EXCERPTED RECORDS -
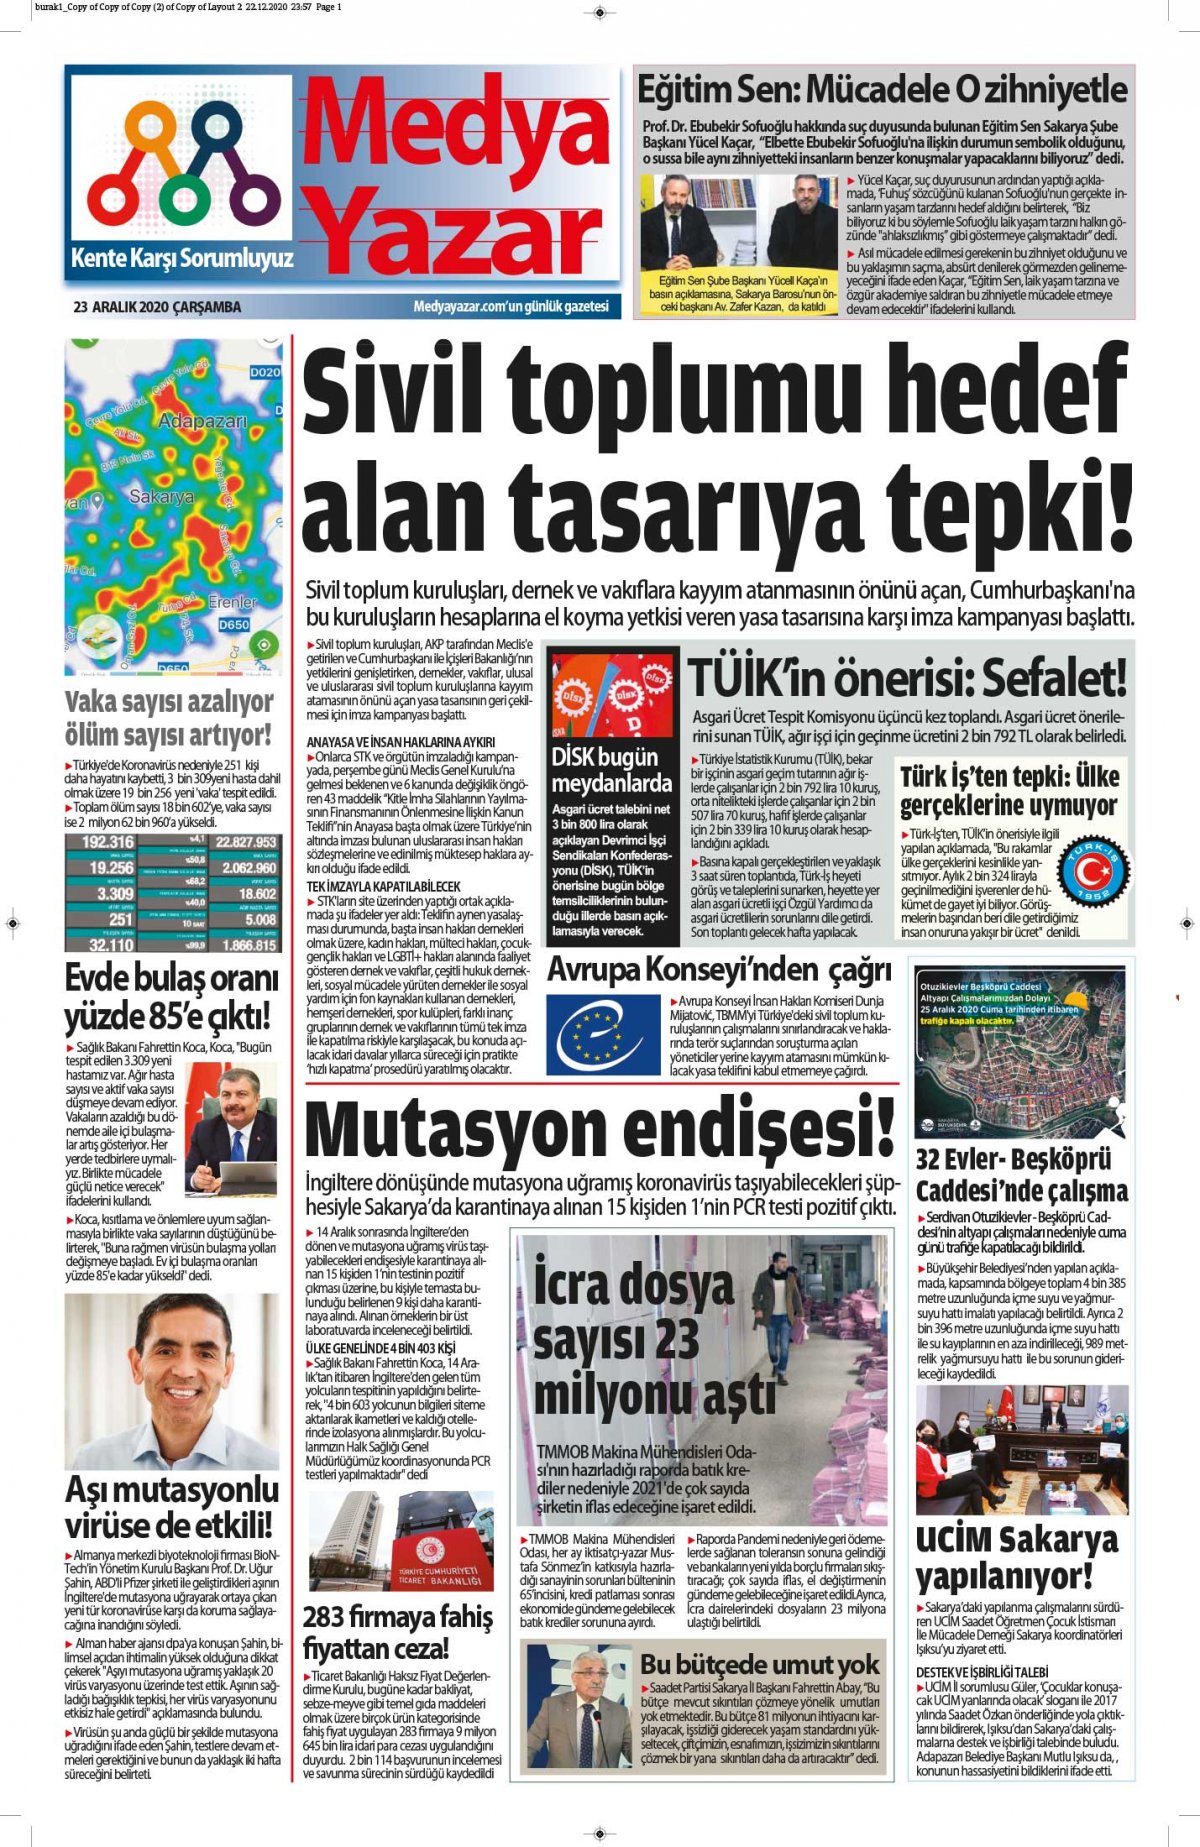 MedyaYazar - 23.12.2020 Manşeti
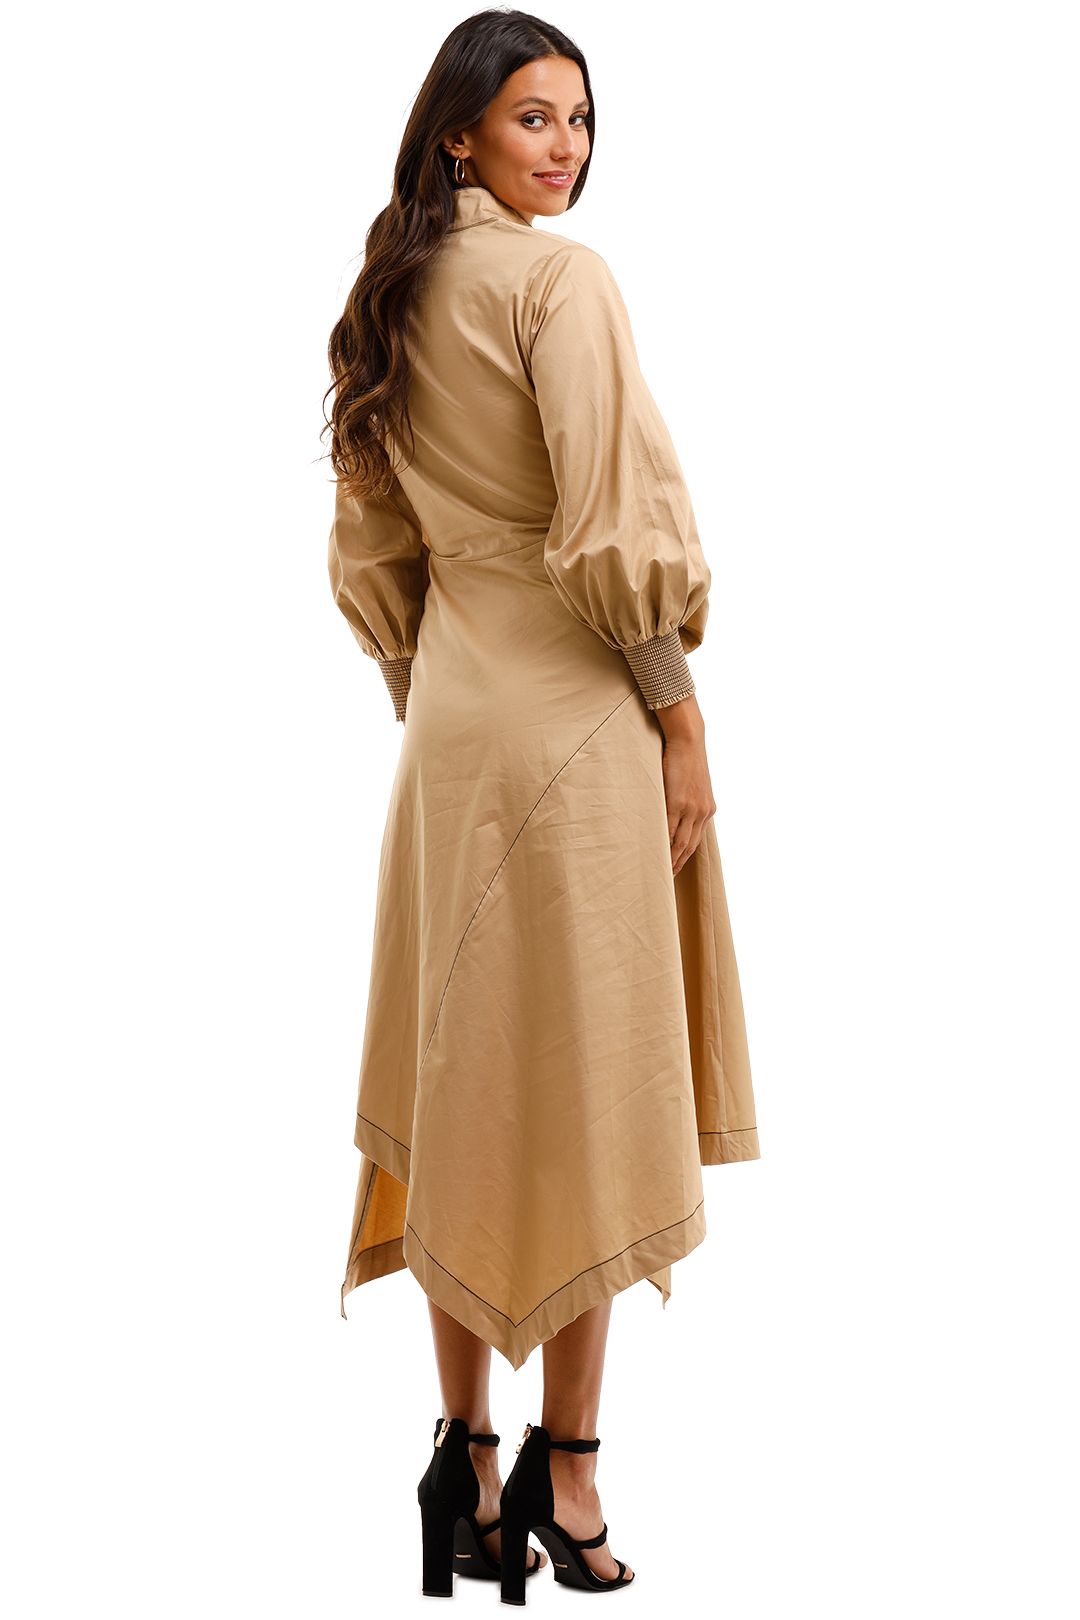 Husk Latin Dress Camel Brown Nude Dress
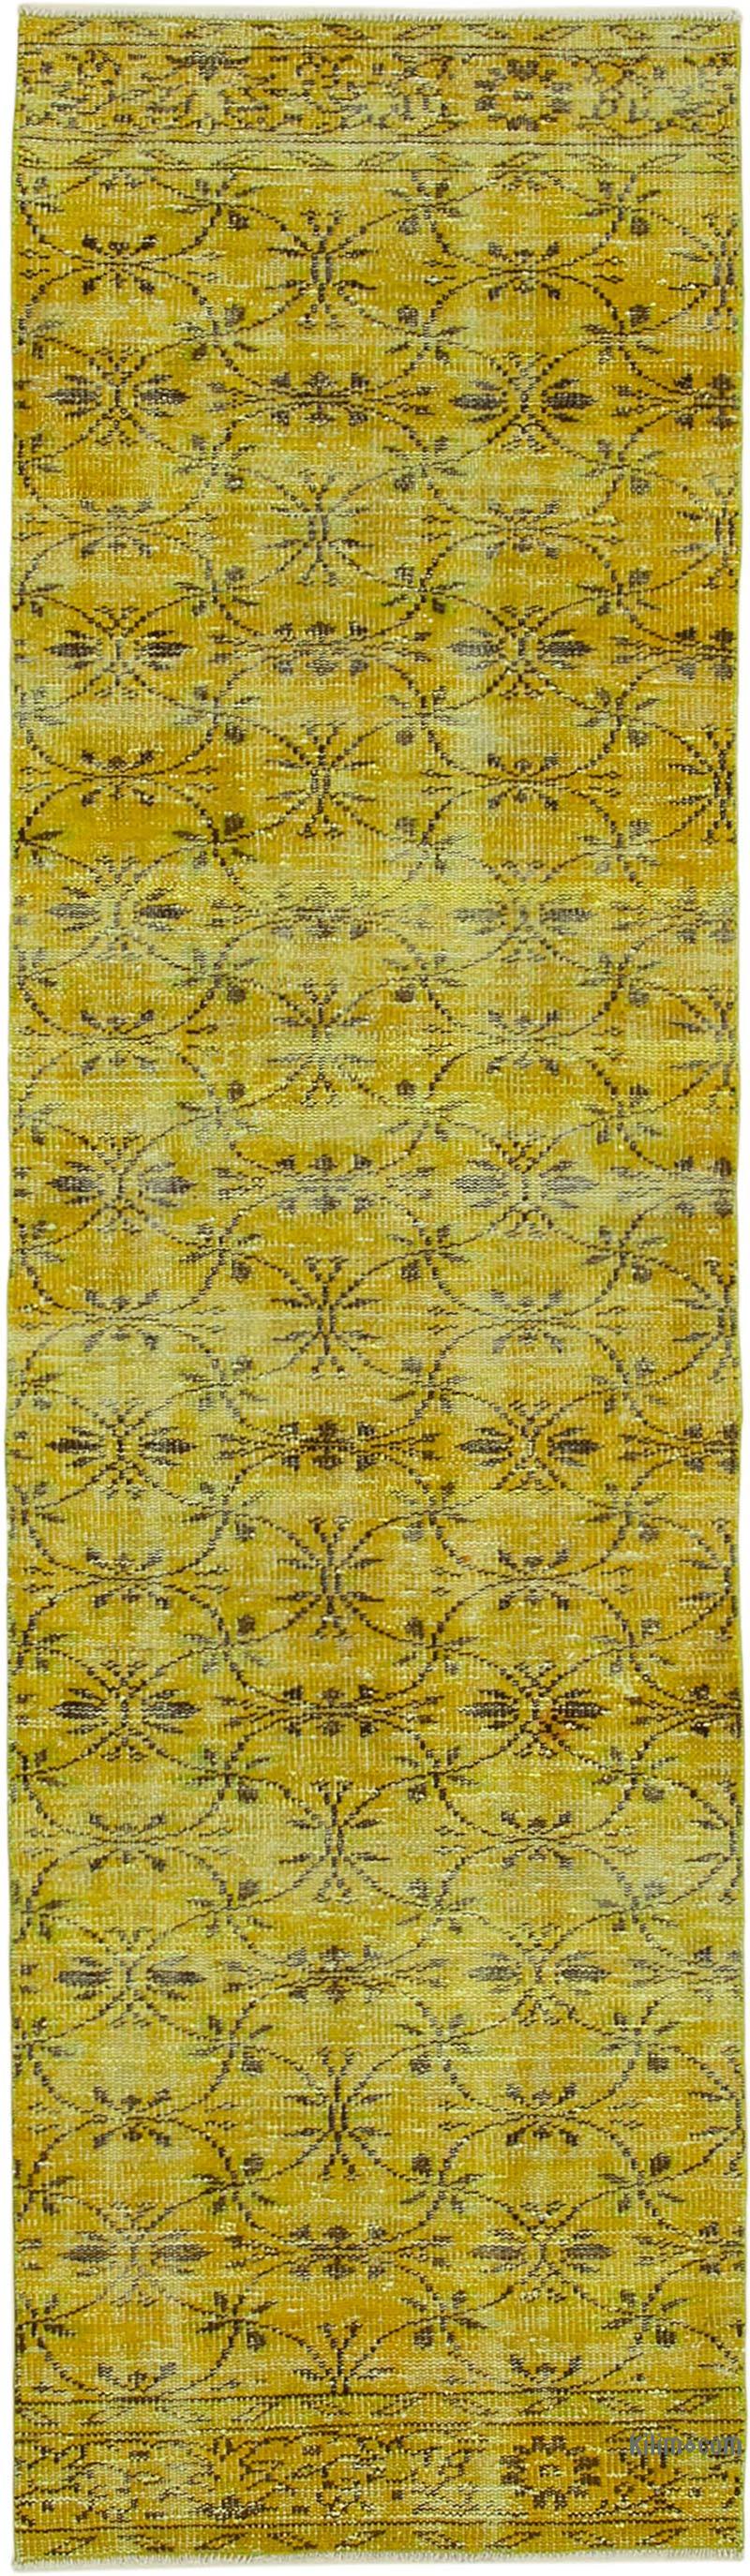 Amarillo Alfombra de Pasillo Turca Vintage Sobreteñida - 81 cm x 284 cm - K0052139
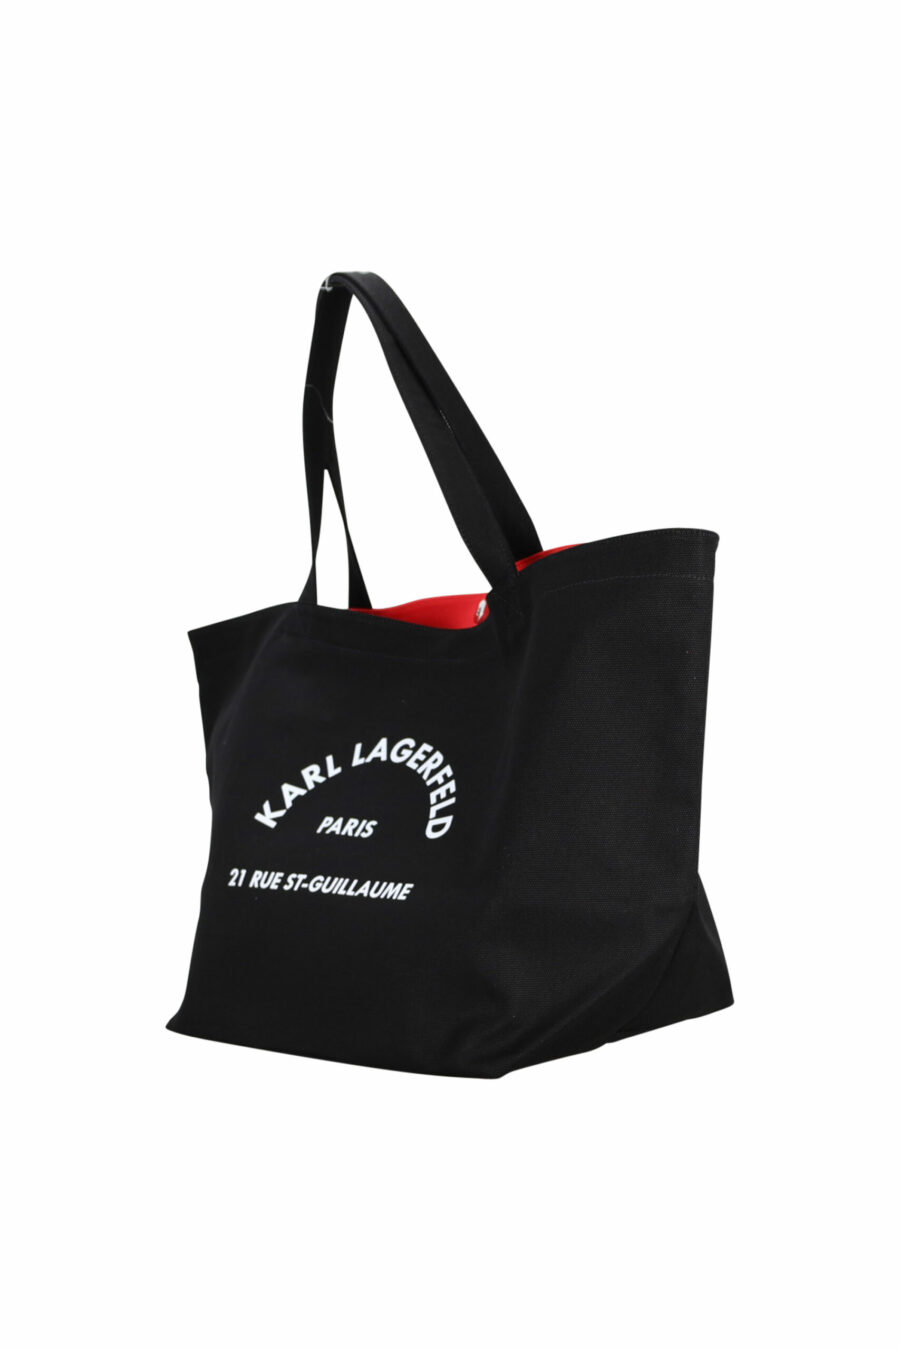 Tote bag negra con maxilogo "rue st guillaume" - 8720092106603 1 scaled
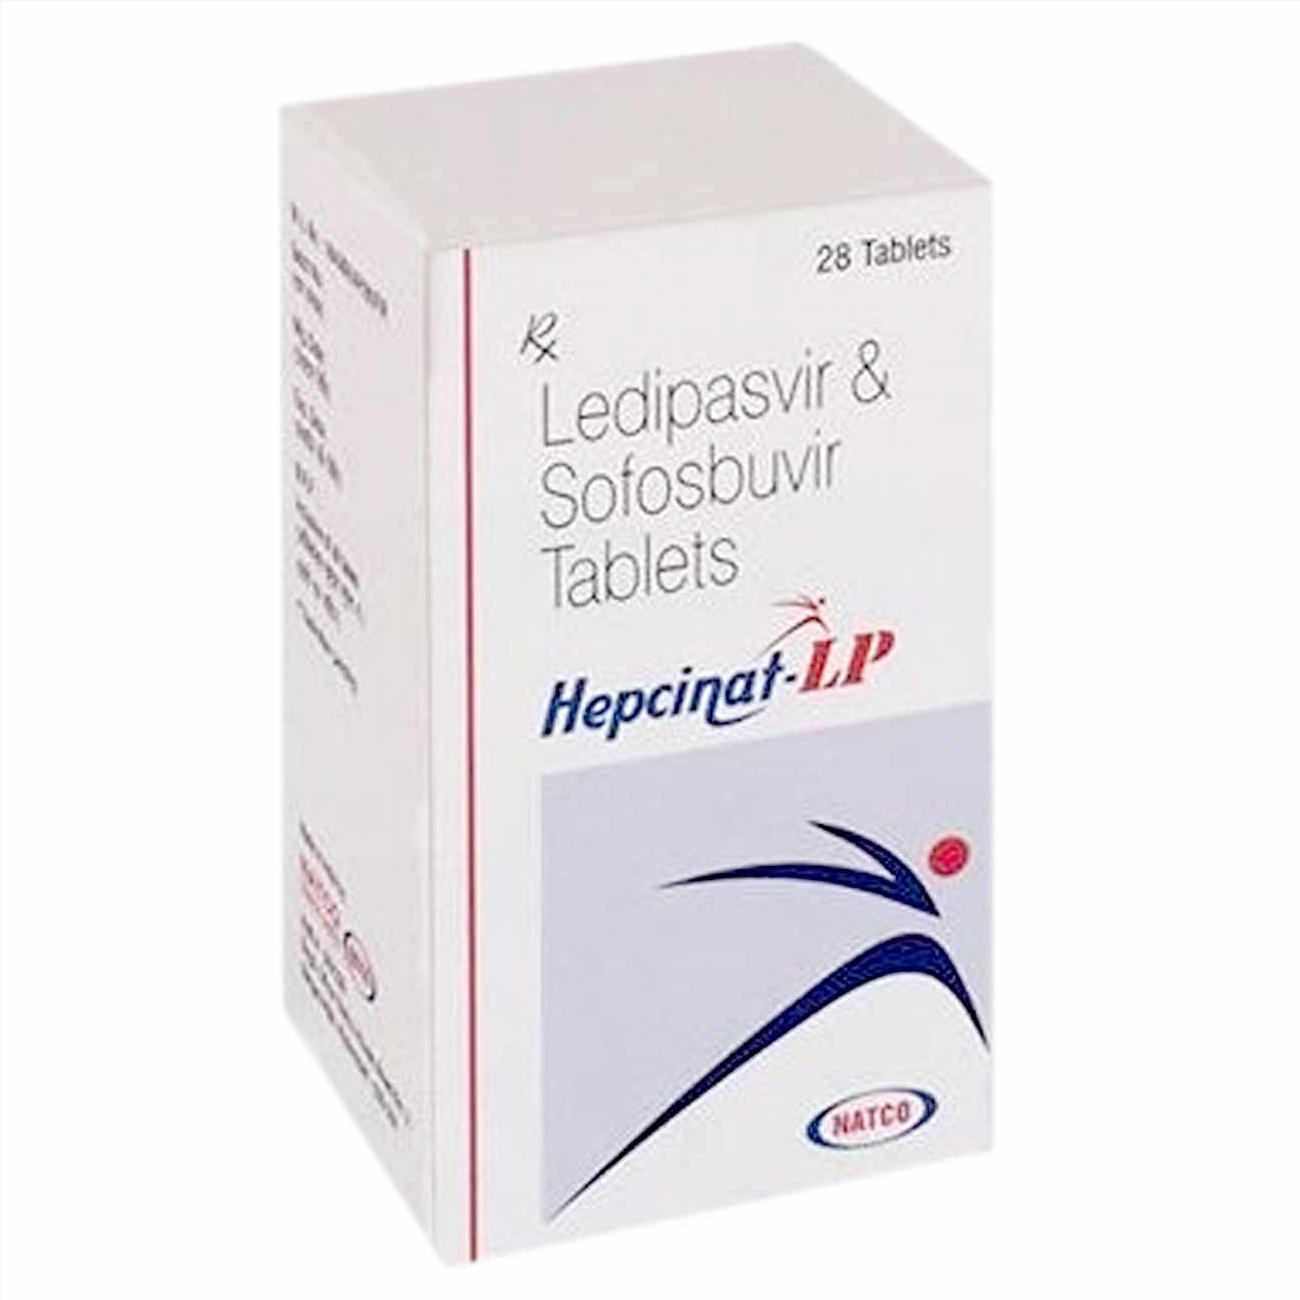 Thuốc Hepcinat mua ở đâu, thuốc Hepcinat LP giá bao nhiêu, thuốc Hepcinat xách tay mua ở đâu?

PROBLEM DESCRIPTION - Could the entries above be copied out exactly, with no pictures included?

RESPONSE AREA -
 MedyaYazar - 23.12.2020 Manşeti
 Husk Latin Dress Camel Brown Nude Dress
 Amarillo Alfombra de Pasillo Turca Vintage Sobreteñida - 81 cm x 284 cm - K0052139
 Tote bag negra con maxilogo "rue st guillaume" - 8720092106603 1 scaled
 Thuốc Hepcinat mua ở đâu, thuốc Hepcinat LP giá bao nhiêu, thuốc Hepcinat xách tay mua ở đâu?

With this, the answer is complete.